Lack of Primary Care Will Derail Reform
Health care reform is dead in the water unless we fix what is going on with primary care medicine in this country.
Let's just play this out. We have about 47 million uninsured folks in the U.S. There aren't too many people who disagree with the need for universal coverage for all Americans. (How we pay for it is another topic... but expanding coverage is just good policy). At the same time as we are expanding coverage, the numbers of physicians in training who are choosing primary care medicine has fallen to 15%. That means 85% are deciding that specialty medicine is the way to go.
Most patients will not have a comprehensive primary care doctor who knows them, knows all of their health issues, makes sure they get preventive care and coordinates care. There just won't be enough primary care doctors to go around and the ones that have experience and good bedside manner will limit the number of patients in their practice by charging retainer fees (AKA: concierge medicine).
Here is what happens when a patient doesn't have a primary to call:
A patient with knee pain and joint stiffness may see an ortho doctor who will do X-rays and maybe an office MRI ($275 for comprehensive office visit, $400 for X-ray, $550 for office MRI). He prescribes pain medicine and informs her that there is no surgical diagnosis. Still in pain, the patient decides to see a Rheumatologist. At the Rheumatology office the X-ray might be repeated ( $250 comprehensive exam, $400 X-ray) and a collagen vascular blood panel will be run to rule out lupus, rheumatoid arthritis, infection and PMR, ($375). The patient is given a medication for pain but it interacts with the other pain med so now the patient ends up with abdominal pain.
The patient calls the Rheumatologist who says "Go to the ER" and tests are done there to look for an ulcer or GI bleed. ($4500 for 10 hours in ER). No active bleed is seen so the patient is referred for follow up to the Gastroenterologist ($275 comprehensive exam, $150 blood tests, $2200 upper endoscopy, $2200 colonoscopy)

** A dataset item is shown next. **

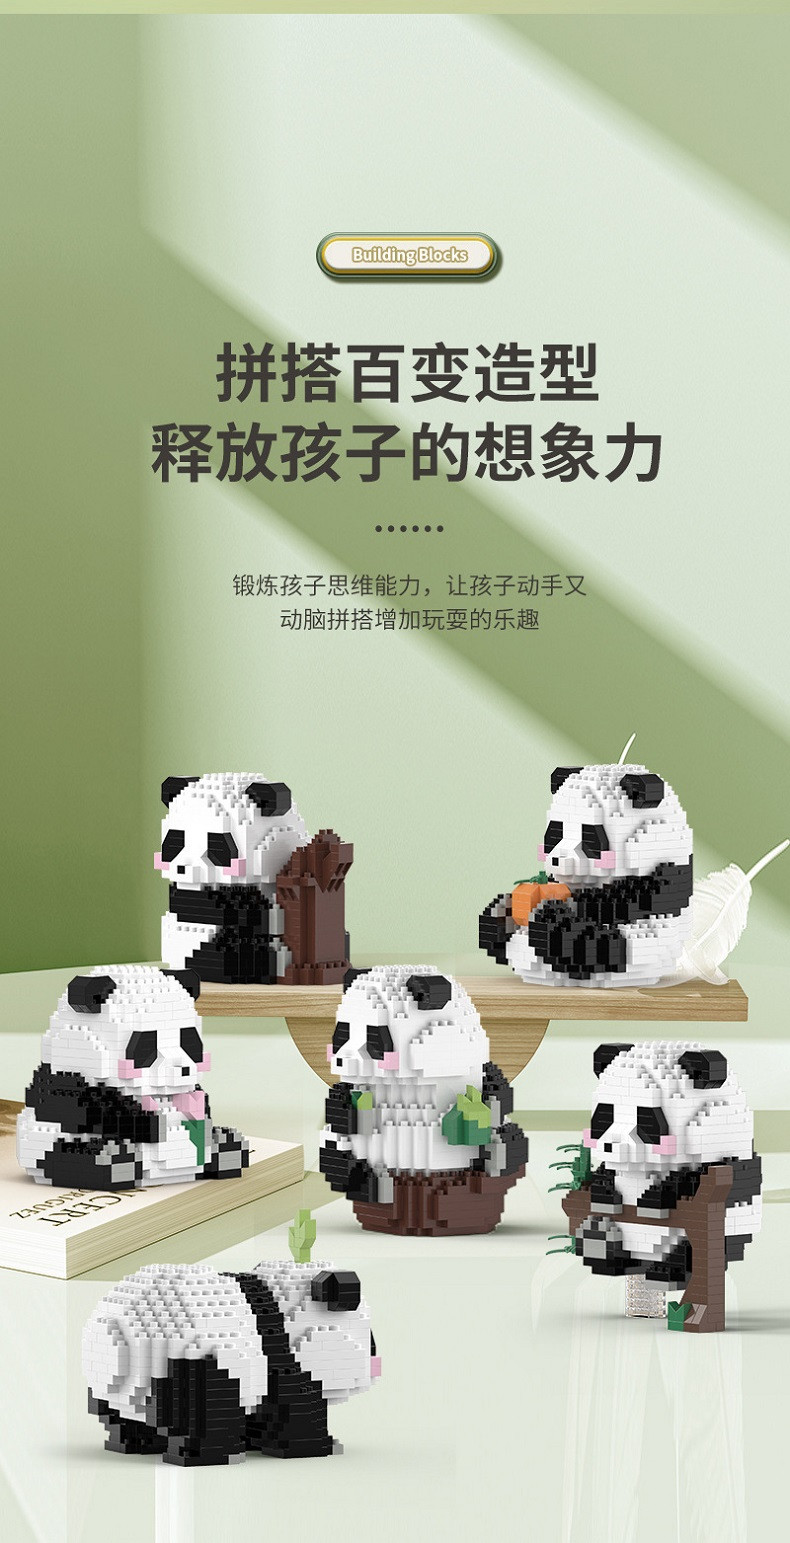 行科 熊猫小颗粒拼装积木玩具立体拼图礼品益智儿童节礼物6岁以上

By the way, the knee pain persists and the patient never does get anyone to coordinate physical therapy, which is what she needed in the first place.
This is not an indictment of specialty medicine. A specialist has a narrow scope of vision and that is what makes them valuable when we want to zone in on a problem. But what we are really lacking is a comprehensive physician who can diagnose, follow and coordinate the complex health needs of a patient.
The AMA has failed primary care and in some ways actively sabotaged it. Medicare (CMS) and Congress have driven the nail in the primary care coffin by underfunding and underpaying primary care for years. The federal government has abdicated responsibility for redesigning Medicare payment policies and these payment practices are carried into the private insurance market, further worsening the problem.
Unless immediate and comprehensive reforms are implemented, primary care, the backbone of the U.S. health care system, will collapse. Residents have already abandoned primary care as a career choice but I have no doubt we can get them back if we improve reimbursement and stature of the profession.